Link here. Or here, if that link does not work. May be behind paywall.

Bothers me not. Concerns me not. The "problem" (if it's a problem at all) is multifactorial. And it's not new. In 1969 I was reading SparksNotes. And, yes, the "problem" (if it's a problem at all) is only going to get worse. Link here.

From the linked article, the lede: 

Nicholas Dames has taught Literature Humanities, Columbia University’s required great-books course, since 1998. He loves the job, but it has changed. Over the past decade, students have become overwhelmed by the reading. College kids have never read everything they’re assigned, of course, but this feels different. Dames’s students now seem bewildered by the thought of finishing multiple books a semester. His colleagues have noticed the same problem. Many students no longer arrive at college—even at highly selective, elite colleges—prepared to read books.

This development puzzled Dames until one day during the fall 2022 semester, when a first-year student came to his office hours to share how challenging she had found the early assignments. Lit Hum often requires students to read a book, sometimes a very long and dense one, in just a week or two. But the student told Dames that, at her public high school, she had never been required to read an entire book. She had been assigned excerpts, poetry, and news articles, but not a single book cover to cover.

“My jaw dropped,” Dames told me. The anecdote helped explain the change he was seeing in his students: It’s not that they don’t want to do the reading. It’s that they don’t know how. Middle and high schools have stopped asking them to. In 1979, Martha Maxwell, an influential literacy scholar, wrote, “Every generation, at some point, discovers that students cannot read as well as they would like or as well as professors expect.” Dames, who studies the history of the novel, acknowledged the longevity of the complaint. “Part of me is always tempted to be very skeptical about the idea that this is something new,” he said.
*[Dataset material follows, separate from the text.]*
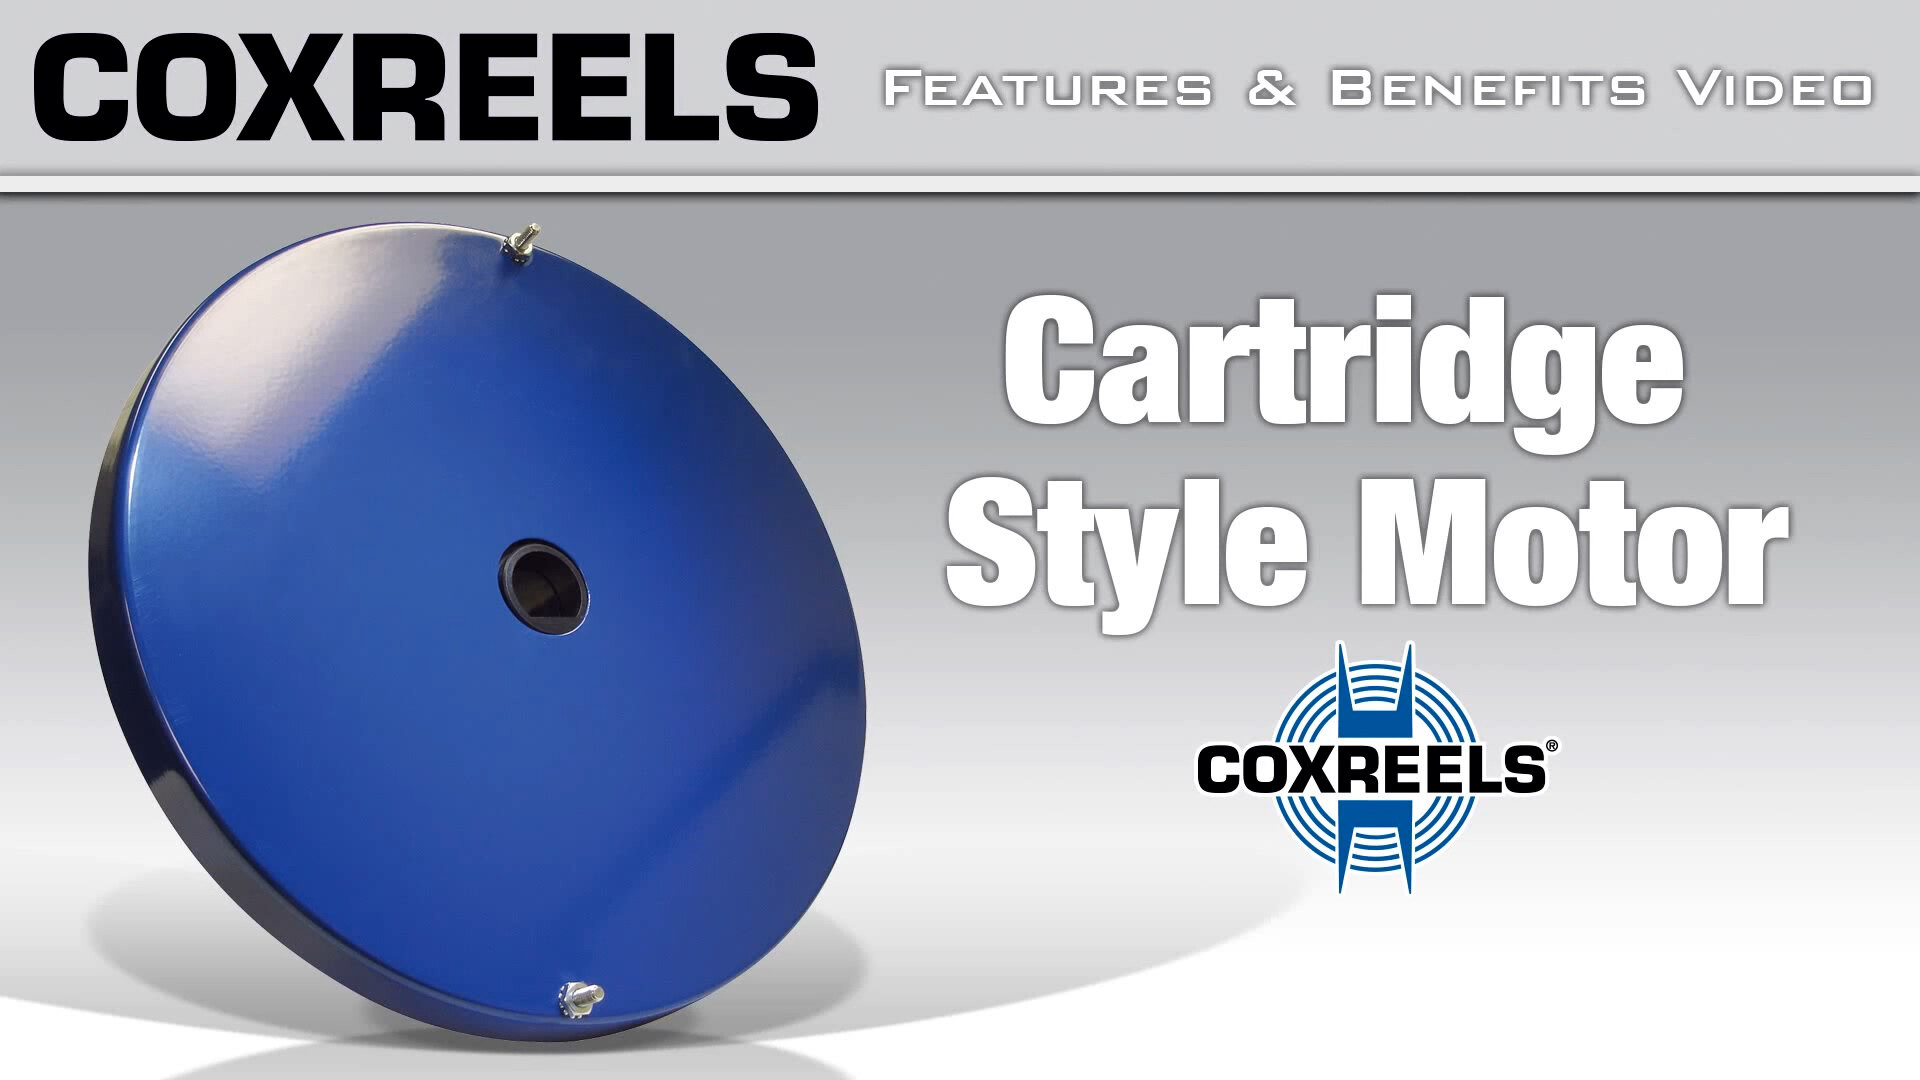 Coxreels Features & Benefits - Cartridge Style Motor Video

And yet, “I think there is a phenomenon that we’re noticing that I’m also hesitant to ignore.” Twenty years ago, Dames’s classes had no problem engaging in sophisticated discussions of Pride and Prejudice one week and Crime and Punishment the next. Now his students tell him up front that the reading load feels impossible. It’s not just the frenetic pace; they struggle to attend to small details while keeping track of the overall plot.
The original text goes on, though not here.